SALUTE DOMANI ∞ IL PORTALE DEL BENESSERE

The 100-day survival rates for pediatric patients who have received stem cell transplants has steadily increased. However, it is still associated with significiant mortality and morbidity including   complications such as veno-occlusive disease, a disease in which the small vessles in the liver become obstructed. This life-threatening condition has a particularly high incidence in children undergoing allogeneic stem cell transplantation. In this study, researchers from the University of Ulm in Germany assessed the safety and efficacy of defibrotide, an investigational drug, for the prevention of this disease in the largest-ever, international, multicenter study of high-risk pediatric patients undergoing stem cell transplants. The study was co-sponsored by the European Group for Blood and Marrow Transplantion (EBMT).

A total of 360 high-risk patients with a median age of five years were enrolled in the study (24 percent infants, 52 percent children ages 2-11, and 23 percent adolescents ages 12-18). Sixty-eight percent of the patients underwent allogeneic stem cell transplant (a procedure in which a person receives blood-forming stem cells from a genetically similar, but not identical donor), and 31 percent received an autologous stem cell transplant (a procedure in which blood-forming stem cells are removed from a patient, stored, and then re-injected following high-dose chemotherapy to accelerate the “rescue” of blood formation). Patients were prospectively randomized prior to stem cell transplantation to receive either defibrotide or no preventive therapy for veno-occlusive disease. The patients who were randomized to the defibrotide arm received intravenous infusions (25 mg/kg/day) from the start of conditioning (the time before transplant when a patient is given chemotherapy to suppress the immune system, to make room for donor marrow cells to grow, or to destroy remaining cancer cells) until 30 days post stem cell transplant or discharge from the hospital, whichever came first. In the control arm, patients did not receive any preventive therapy. The primary endpoint of this study was to measure the incidence of veno-occlusive disease after 30 days, which was adjudicated by a blinded, independent review committee of three expert hematologists. Secondary endpoints of the study were to measure veno-occlusive disease-associated morbidity, mortality, and the incidence and severity of graft-versus-host disease.
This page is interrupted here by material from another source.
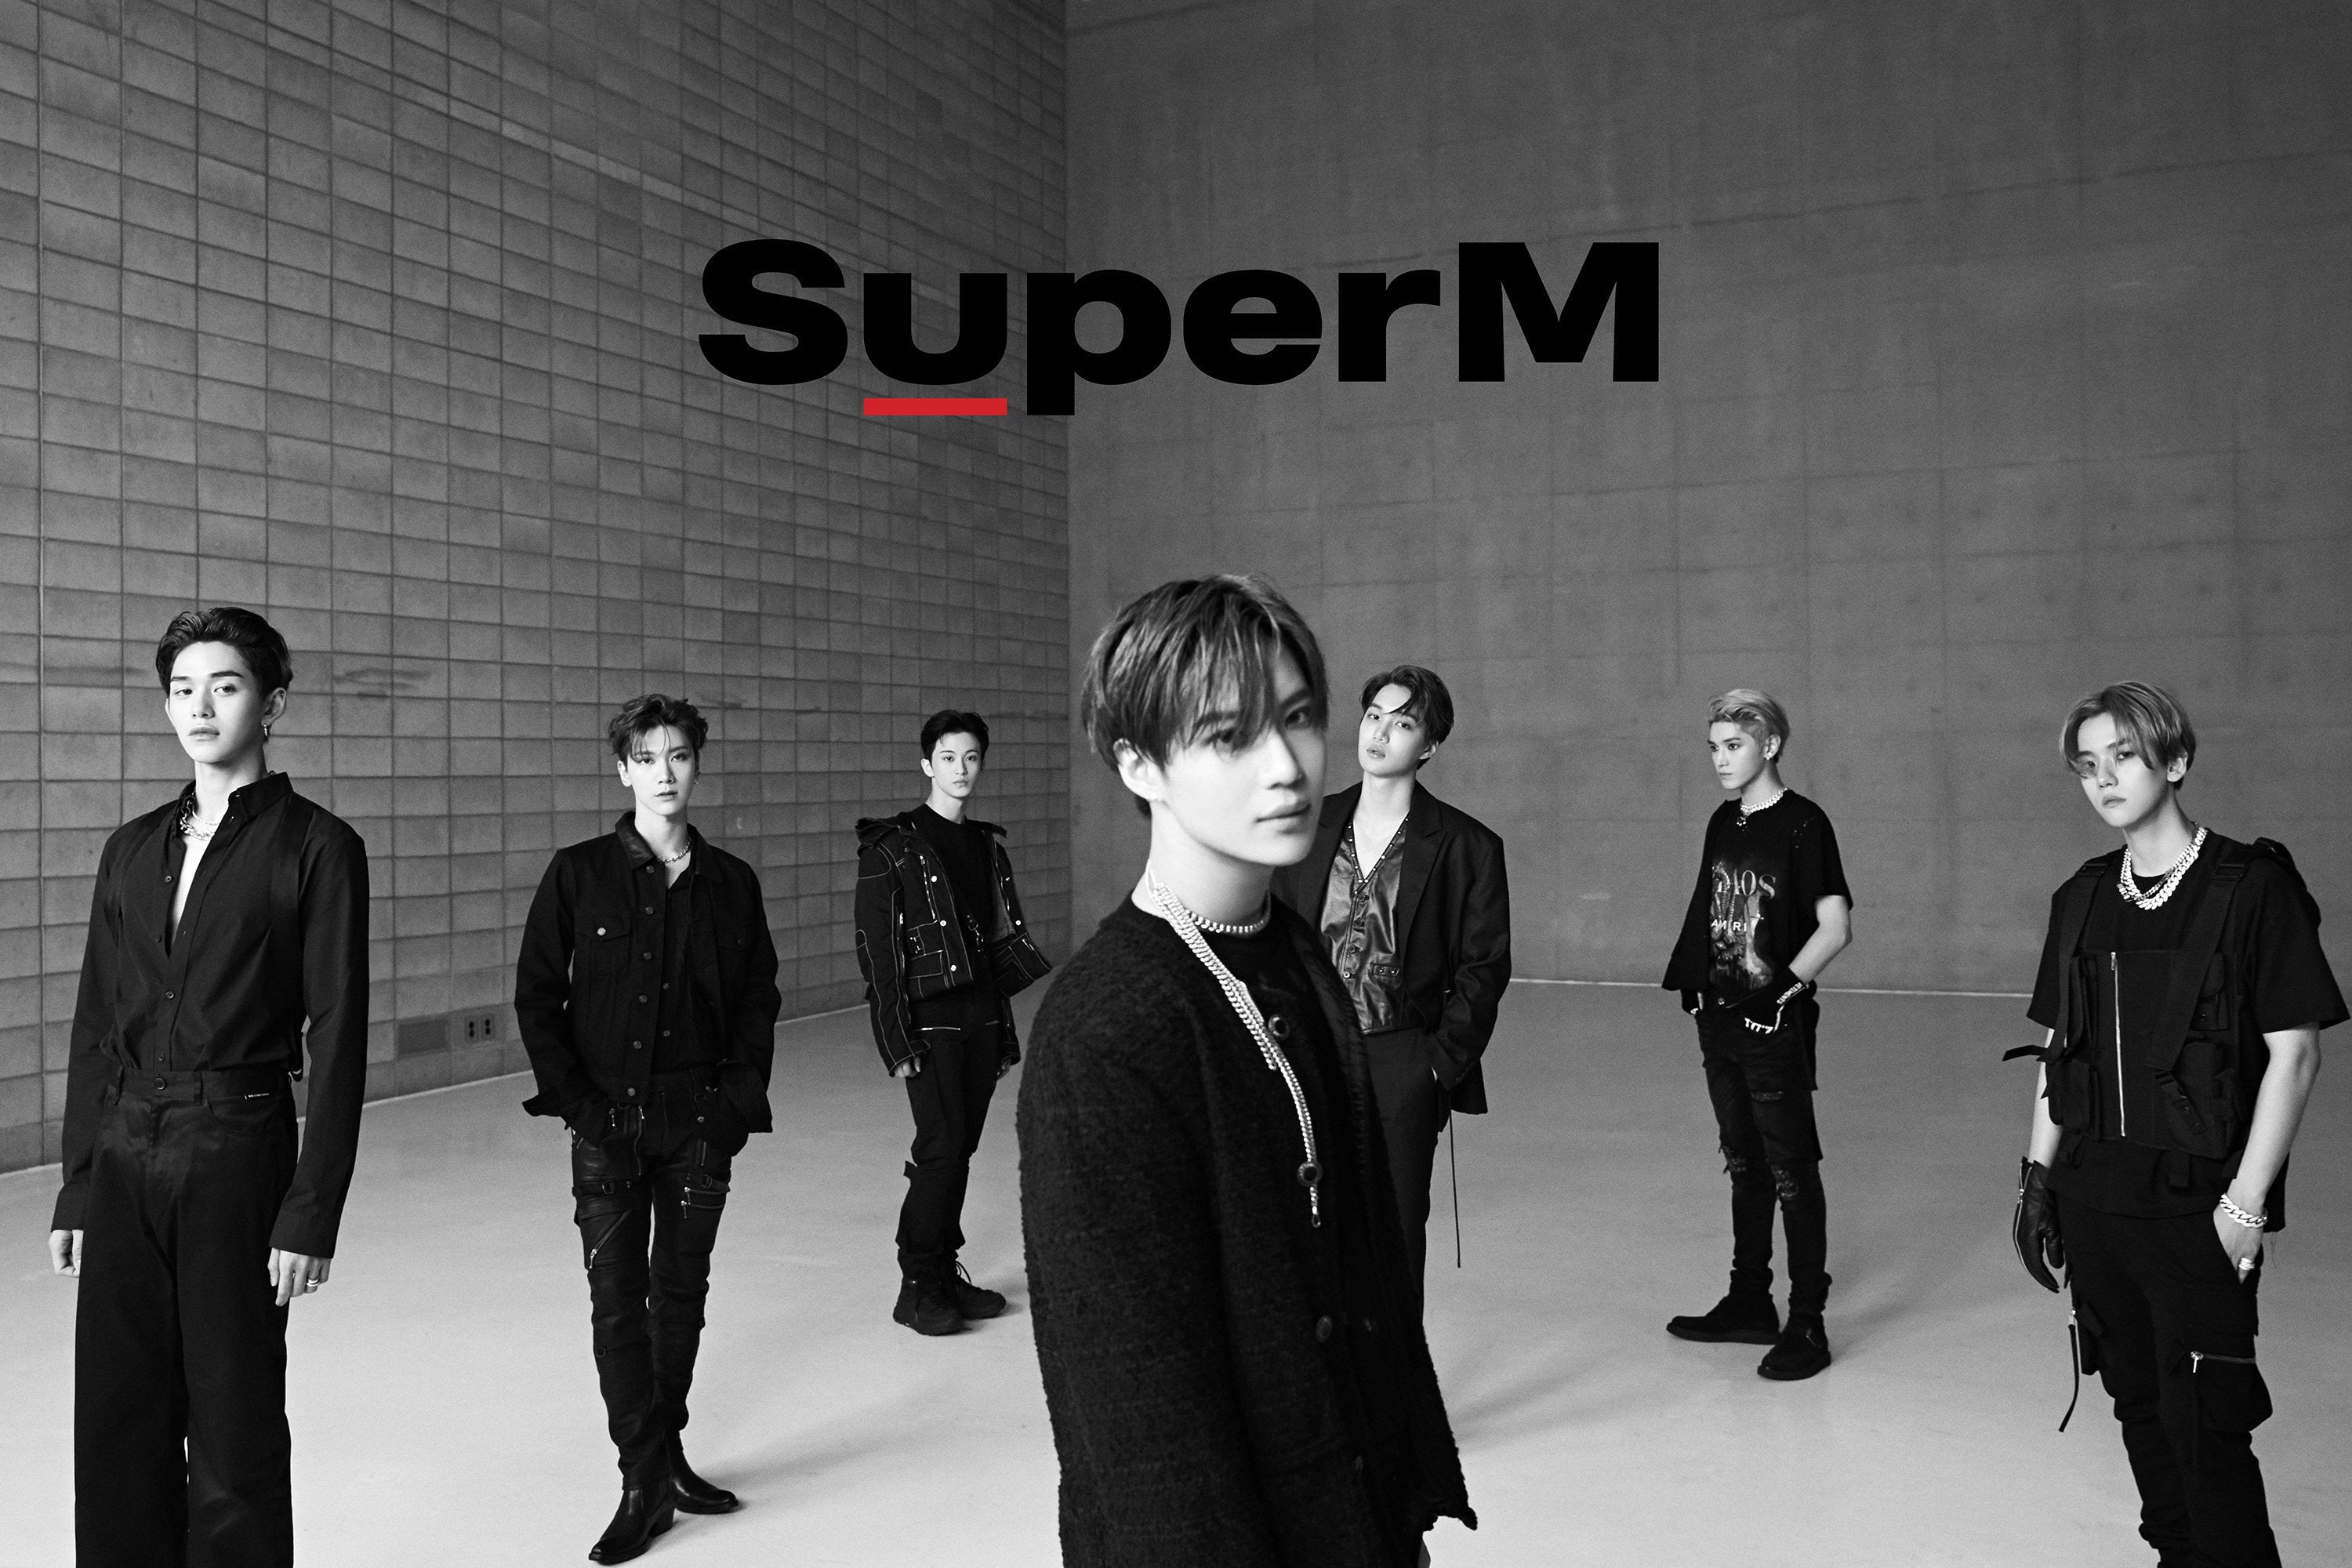 SuperM announce their official version 1 light stick

According to the study results, preventive use of defibrotide resulted in a 40 percent reduction in the overall incidence of veno-occlusive disease in these pediatric patients. Consistent with the role of defibrotide in protecting endothelial cells (the thin layer of cells that line the inside of  blood vessels), both the incidence of renal failure (1 percent with defibrotide versus 6 percent in control) and also the overall incidence and severity of acute graft-versus-host disease (32 percent in defibrotide versus 43 percent in control) were significantly lower in the defibrotide arm. In addition, the safety of defibrotide was confirmed by the lack of significant toxicity; the defibrotide and control arms had similar numbers of adverse events reported. Results from this study also confirm that the mortality at 100 days post-transplant in patients who developed veno-occlusive disease was four times higher than the mortality in patients who had not developed this disease.

“For pediatric stem cell transplant patients who develop veno-occlusive disease, we unfortunately have limited diagnostic tools, poor understanding of potential risk factors and mechanisms of the disease, and no established therapies to help prevent or treat this condition,” said lead study author Selim Corbacioglu, MD, Assistant Professor of the Department of Hematology, Oncology, Immunology, and Stem Cell Transplantation at the University of Ulm in Germany. “Our study confirms that defibrotide is safe and effective for preventing veno-occlusive disease in this high-risk population.”